Tobias Adrian, director of the IMF’s financial and capital markets division, instructed the FT that “markets have been on the optimistic aspect”, including there was a “exceptional” restoration in fairness and debt markets because the short-term ceasefire started.
“There was a really pronounced reversal . . . so in that sense I do suppose there’s a little bit of an optimistic view,” he mentioned.
Fairness traders have shrugged off Trump’s Hormuz blockade, and Wall Avenue’s blue-chip S&P 500 has rebounded to above the place it was buying and selling when the US and Israel first attacked Iran on February 28.
The IMF mentioned: “The present correction appears extra in keeping with a squeeze of lengthy investor positioning than with a swap to brief positioning and will recommend optimism for a comparatively brief period of the battle.
“This in flip factors to uneven dangers from a extra extended shock, together with by means of persistently excessive vitality costs.”

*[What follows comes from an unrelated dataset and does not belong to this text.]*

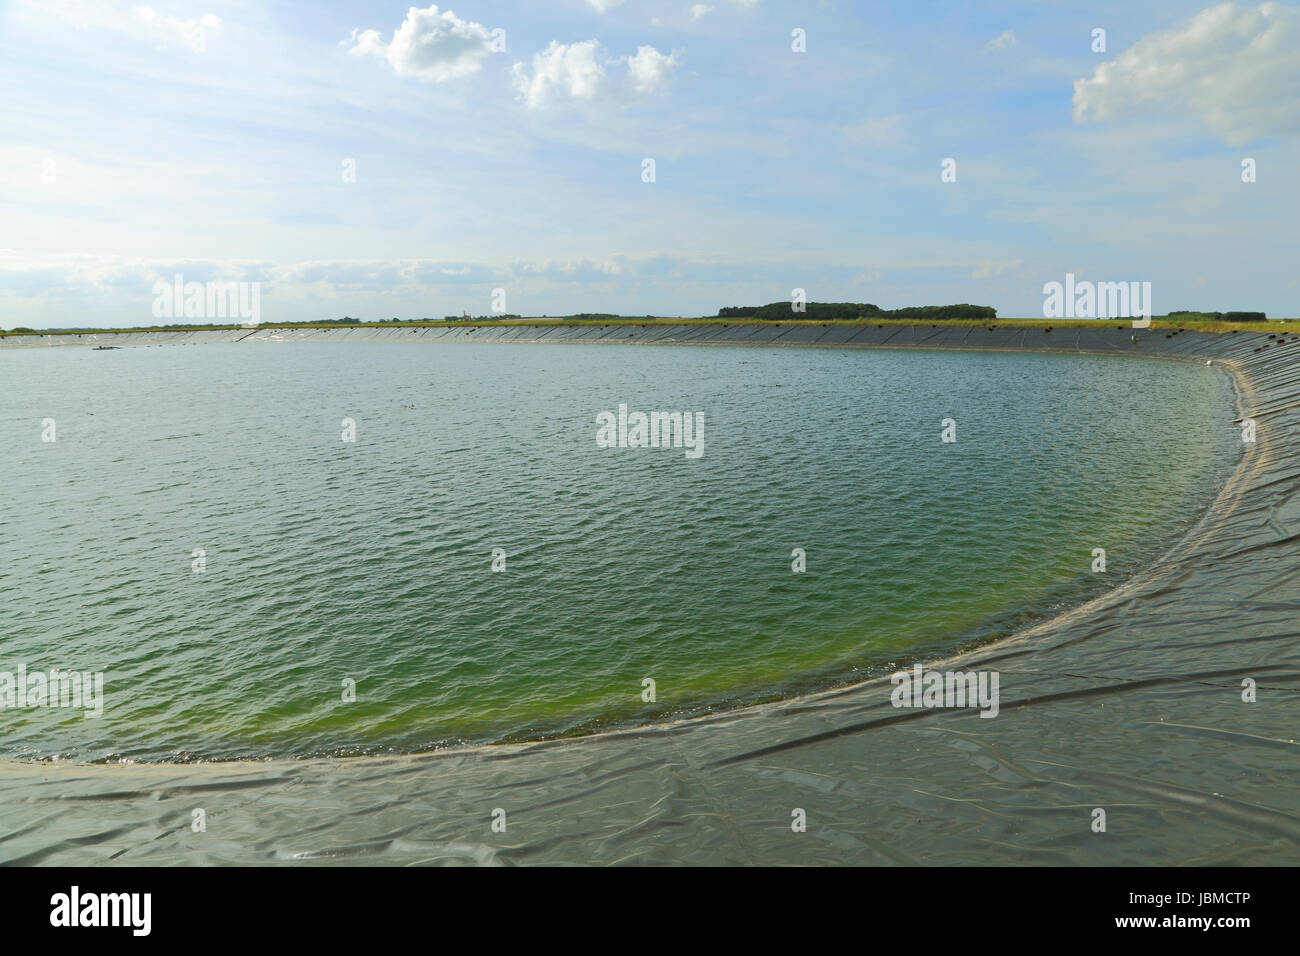 agricultural reservoir, man made, water supply for agriculture, Norfolk, England, UK, crop irrigation reservoirs Stock Photo

Lots of the IMF’s issues stem from elevated debt ranges within the monetary system — notably borrowing by governments, but additionally leverage in hedge funds and alternate traded funds.
“Higher bond market volatility may tighten funding markets, which has been a locus of previous monetary turmoil,” the IMF mentioned. Elevated issuance of shorter-term debt by governments has “made core sovereign bond markets extra weak to rollover dangers, notably in durations of rising inflation,” it added.